» **Exercise aim**
The required answer is the data below, restated word for word with images omitted.

» **Recorded information**
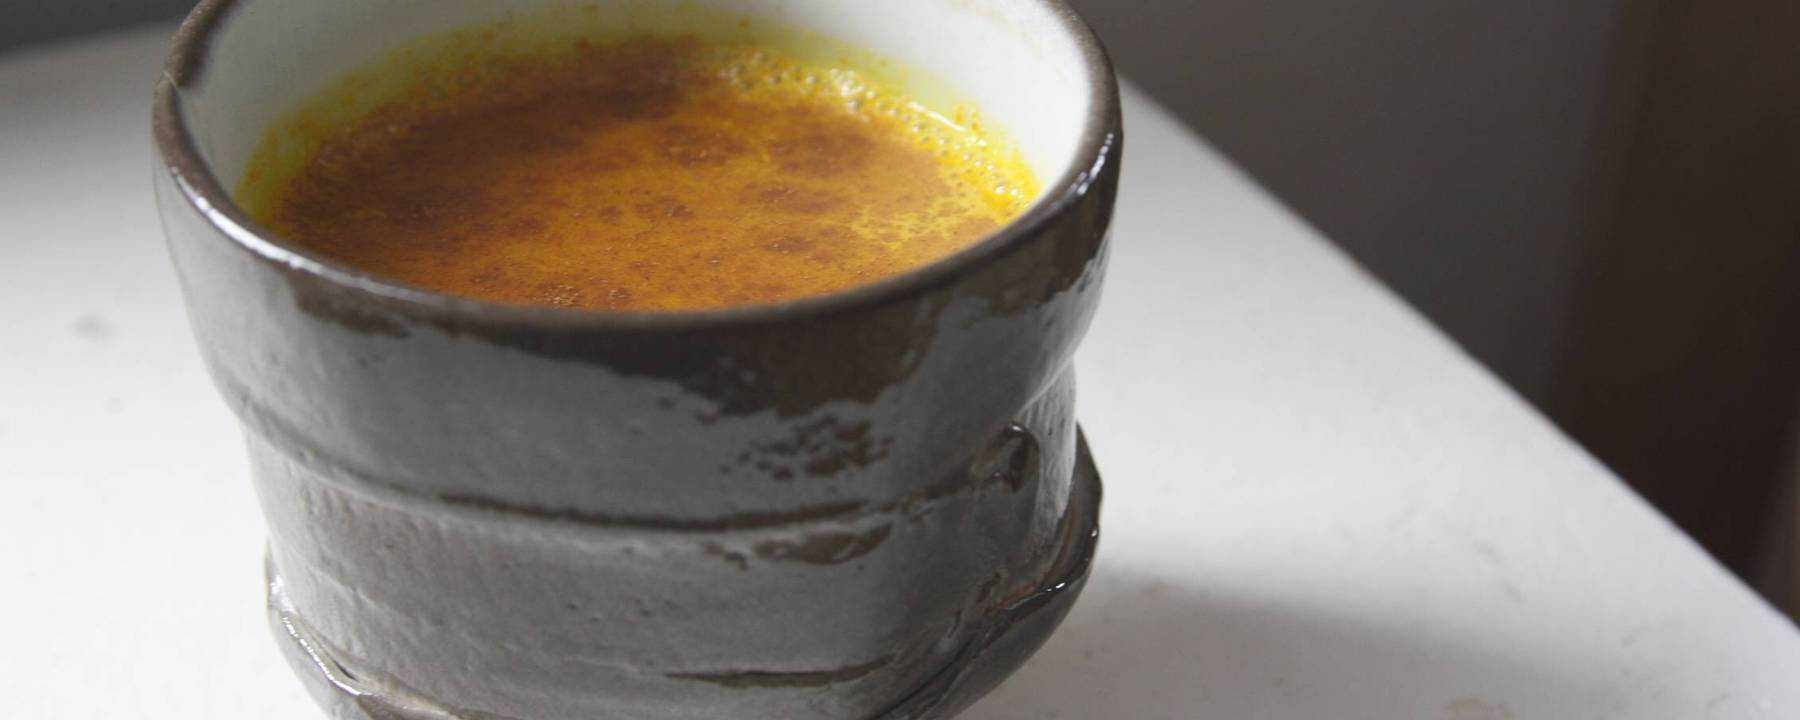 CARE Snack: Turmeric Milk (If You Like Chai, Try This)
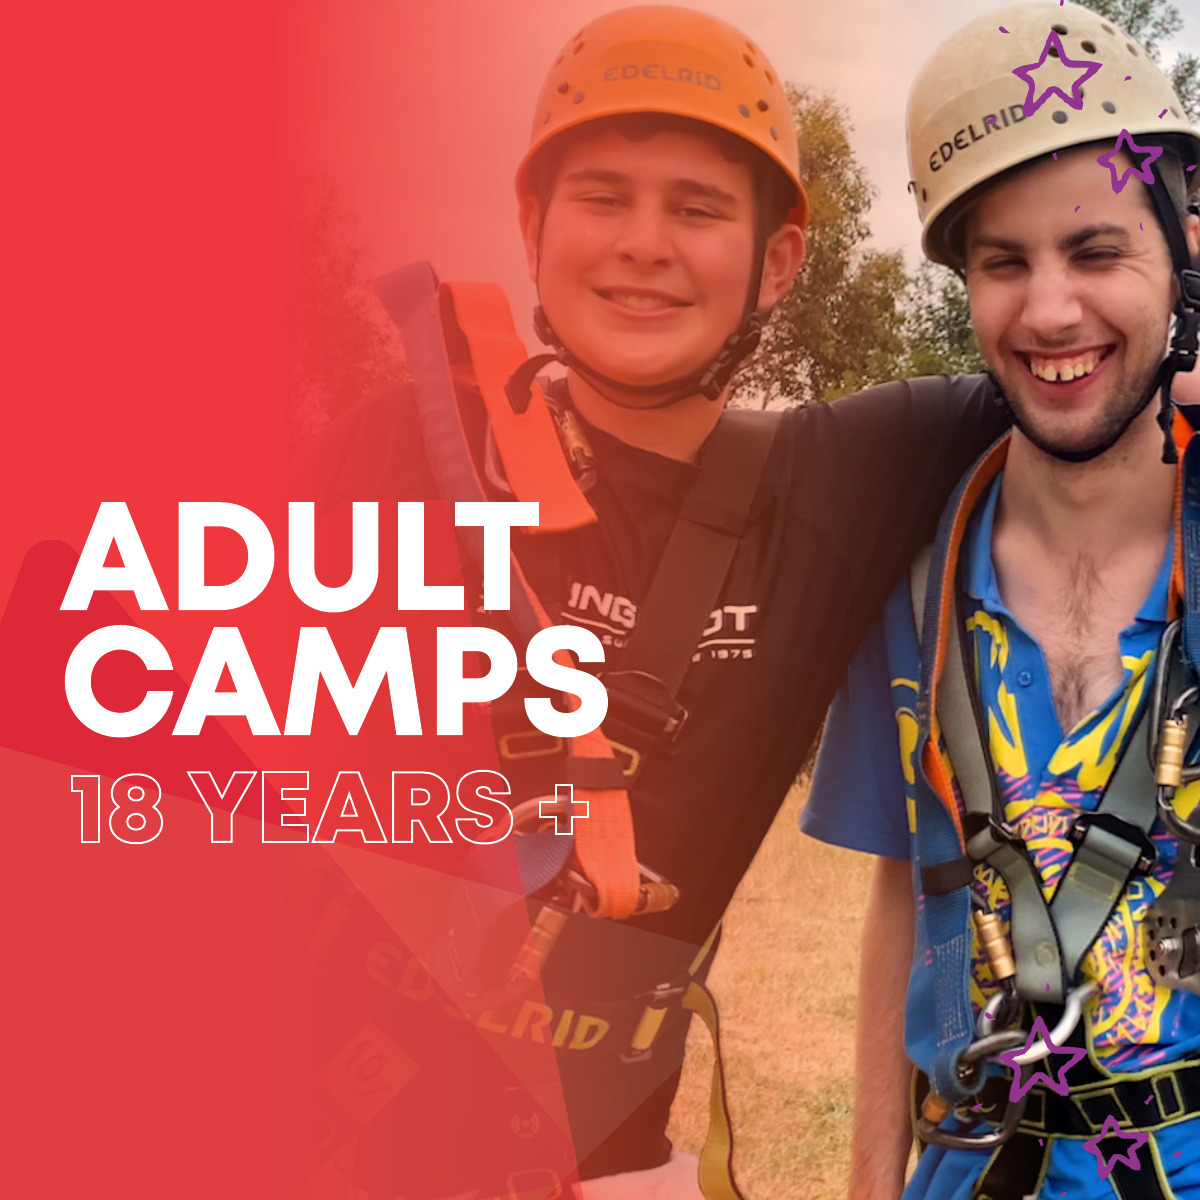 Adult camps 18 years +
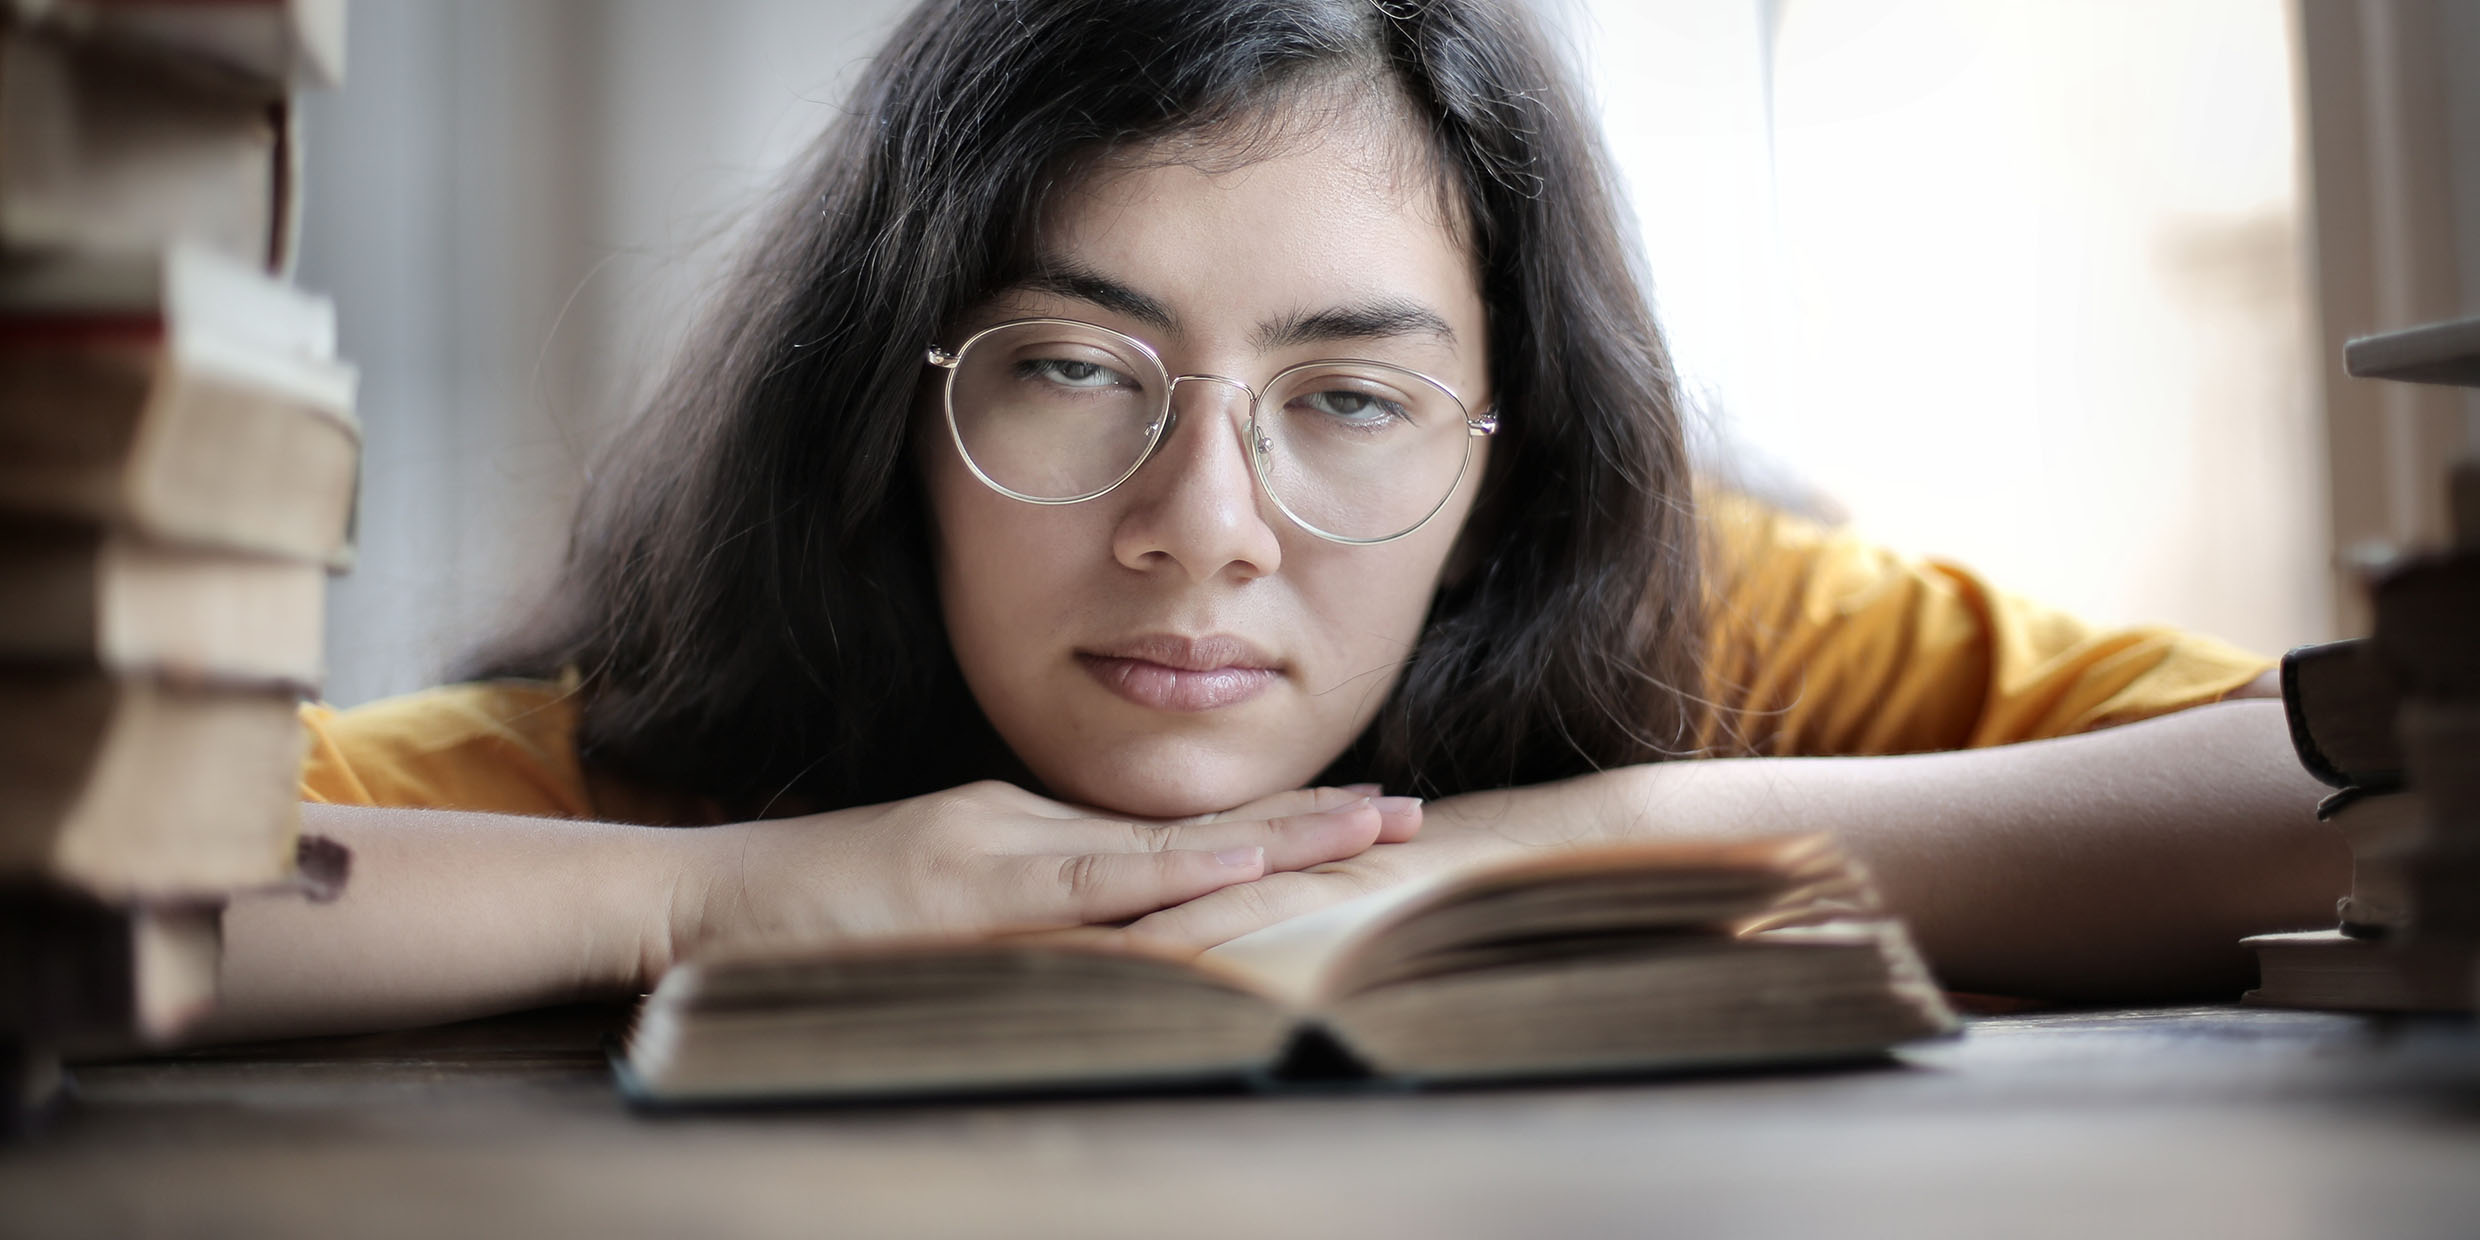 Image of bored woman reading books
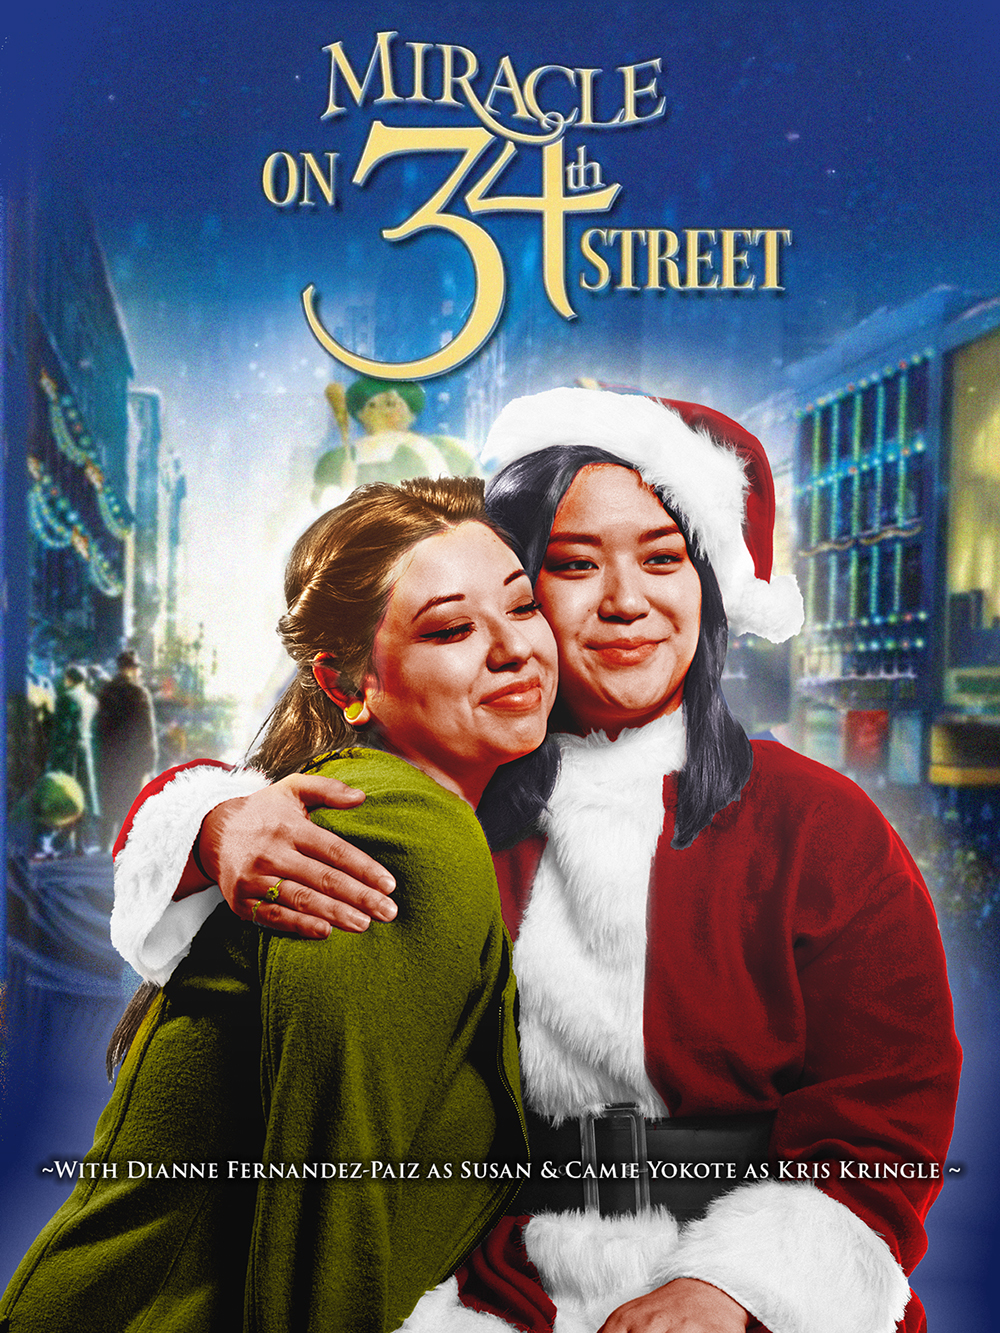 Dianne and Camie in Miracle on 34th Street

» **Result for this exercise**
 CARE Snack: Turmeric Milk (If You Like Chai, Try This)
 Adult camps 18 years +
 Image of bored woman reading books
 Dianne and Camie in Miracle on 34th Street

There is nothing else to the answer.